Thoughts on MySQL character set architecture

Author：Eve Cole Update Time：2010-01-07 17:31:04

With the widespread use of various multi-byte character sets, a very high proportion of English-speaking programmers in software development do not know much about multi-byte characters. This is why many vulnerabilities in recent years are multi-byte. a cause. The author of this article talks about his own views on the role of MySQL's character set architecture. In the past few months, every time I use MySQL, I almost always think: Is MySQL’s current hierarchical character set architecture really useful?

MySQL character set processing

Send request

Client (character_set_client)=》Database connection (character_set_connection)=》Storage (table, column)

return request

Storage (table, column)=》Database connection (character_set_connection)=》Client (character_set_results)

At each non-initial node, a character set conversion operation is performed from the previous node to the current node. For example, consider the following environment:

◆ character_set_connection utf-8

◆ character_set_results gbk

◆ character_set_client gb2312

◆ There is table A, and the field character sets are all BIG5

When sending a request, the data is first converted from gbk to utf-8, then to BIG5, and then stored.

When returning the request, the data is first converted from BIG5 to utf-8, then to gb2312, and then sent to the client.

The role of architecture

1. Allow different clients to have different character sets. A typical example is that I have a UTF-8 site, which is a client with a charset client of UTF-8. At the same time, I may need to read and write the database on a gbk terminal, which is another client, but its character set is gbk.

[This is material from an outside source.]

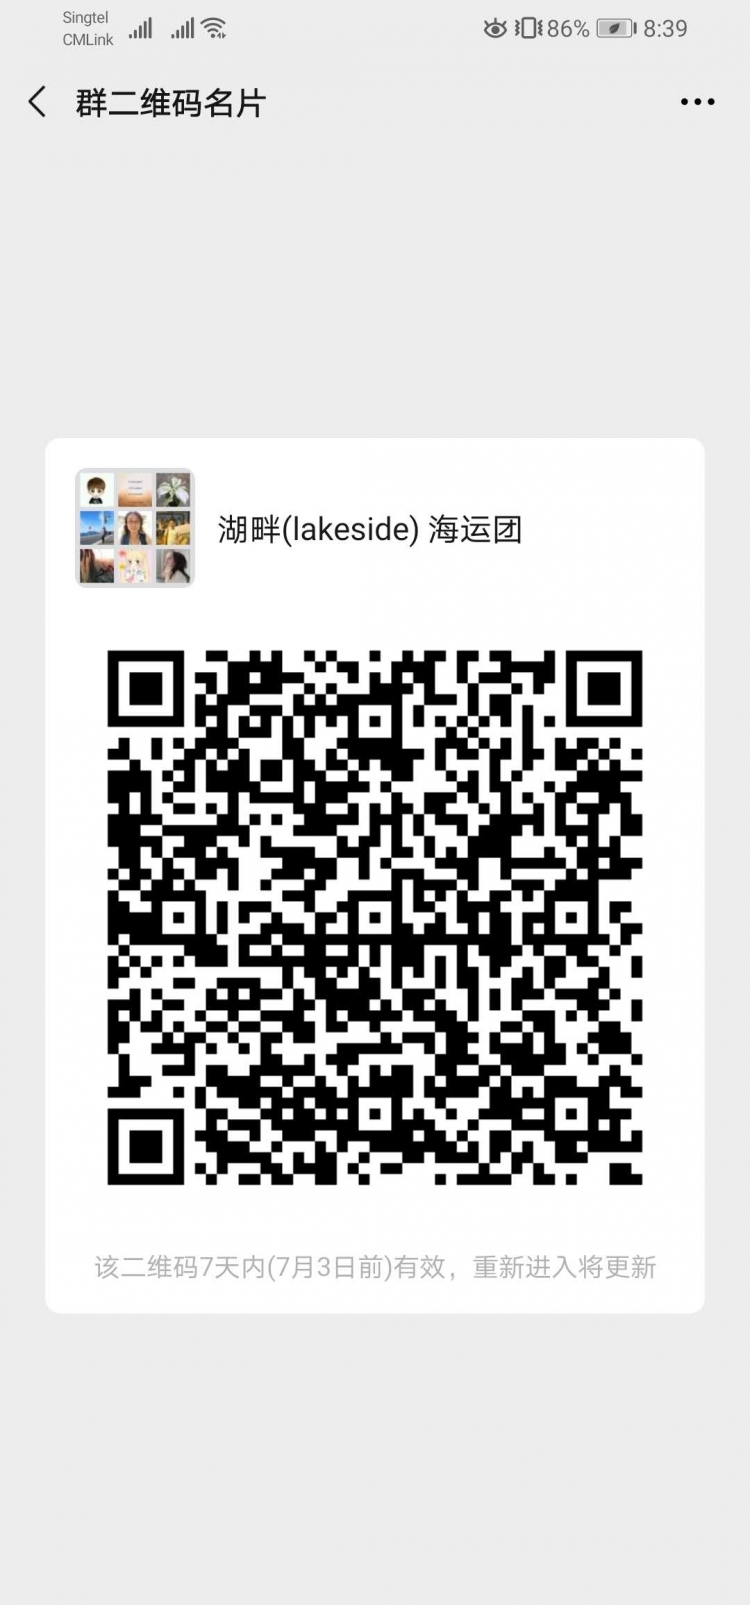 WeChat Image_20200626084022.jpg

2. When operating the file system through the database, you need to convert the file path to the character set of the file system. For example my client is gbk and the server file system is utf-8. Operation "/A slice/Rina.rmvb", among the data sent, the data of "slice" is different from the server. At this time, there needs to be a way to convert the "slice" of GBK to utf-8. Here MySQL introduces something called character_filesystem to accomplish this.

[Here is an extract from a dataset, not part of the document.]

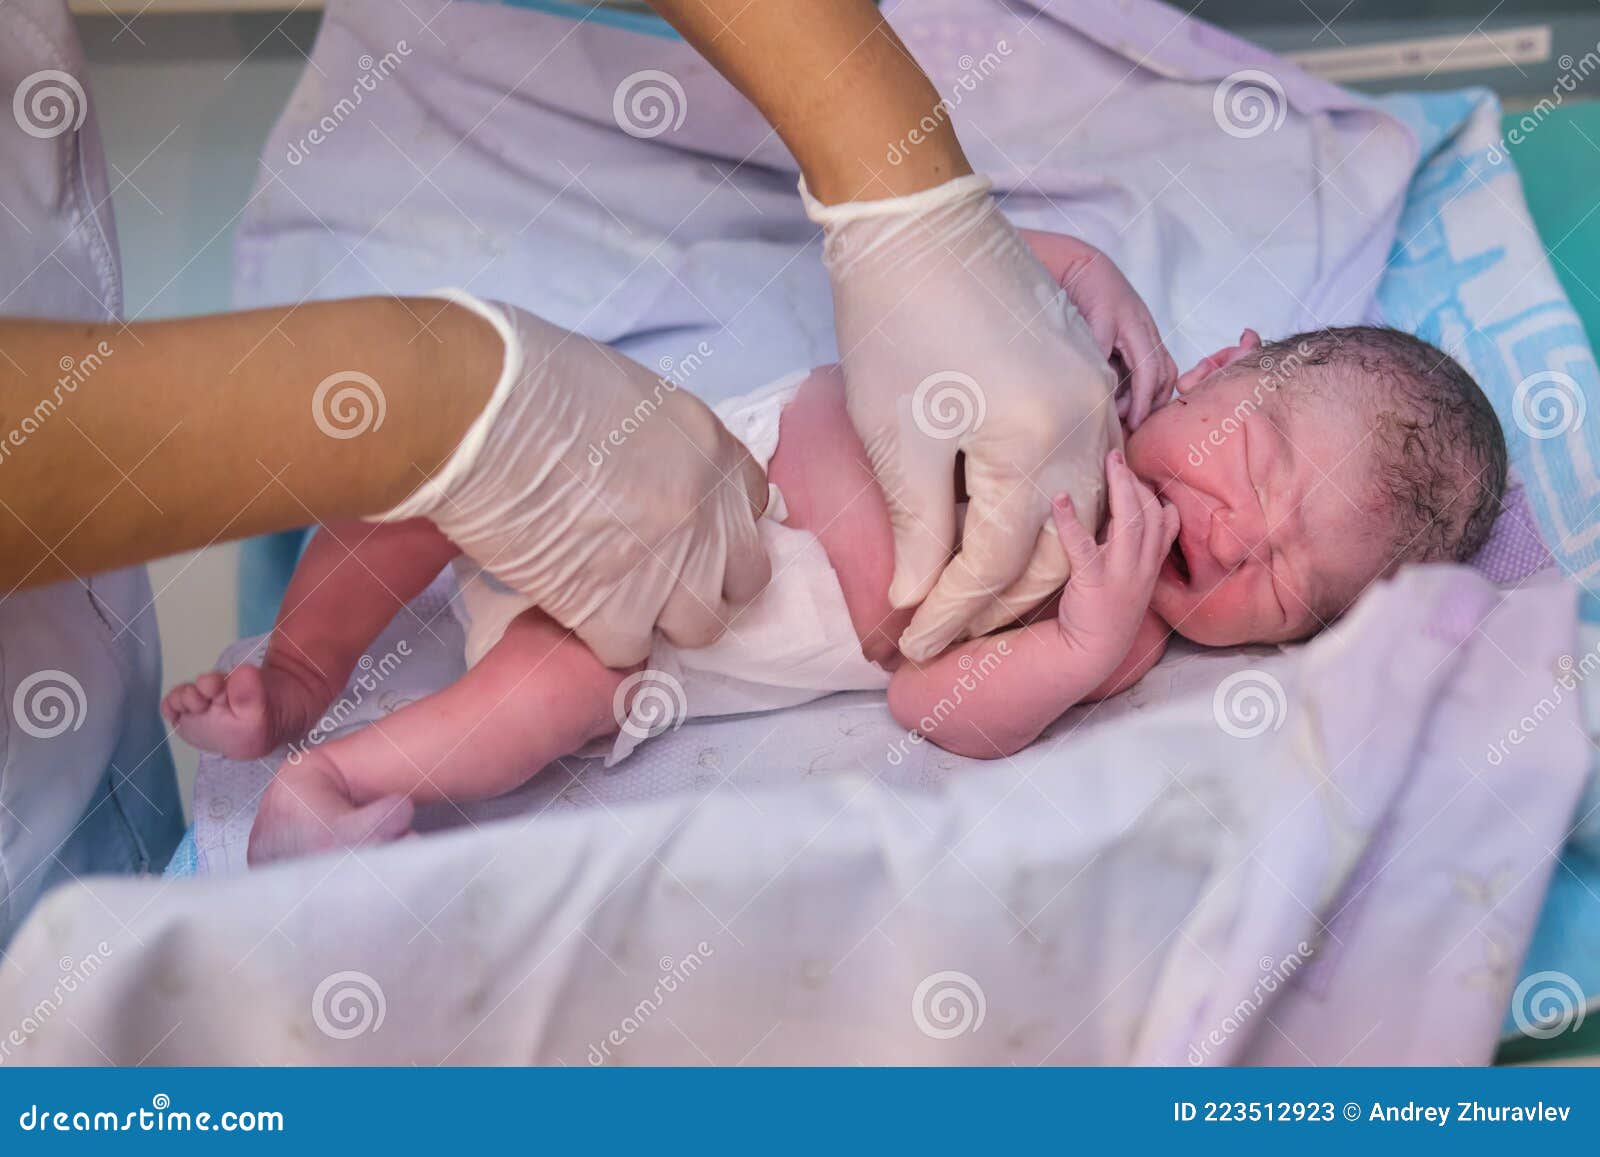 Pañal De Vestir Para Recién Nacidos Por Un Médico Inmediatamente Después  Del Parto Imagen de archivo - Imagen de alineada, madre: 223512923

Other than that, I can't think of any other uses for the moment. But think about it carefully, do we really need this kind of treatment? Many websites just hope that their data can come out as they please. There are two more situations here.

1. I hope I can sort or perform like operations based on the data. Let’s talk about sorting first. For fields containing Chinese, the concept of sorting based on character sets is useless. When sorting Simplified Chinese, you generally want to sort by Pinyin. I have not really understood the verification in MySQL, but judging from the programs I have come into contact with, if this type of sorting is required, a field is specially created to store pinyin for sorting. There are also polyphonic characters in Pinyin. If it is UTF-8, there is also a situation where a certain range of Chinese is shared by China, Japan and South Korea at the same time. It is not so easy to implement, so neither the GBK nor the UTF-8 checkset of MySQL should implement Pinyin. I dare say that most websites in China that use MySQL now use a check set that is just a byte sort. With byte sorting, there is no need to use any character set at all. Therefore, for Chinese sites, MySQL character verification has no meaning in sorting.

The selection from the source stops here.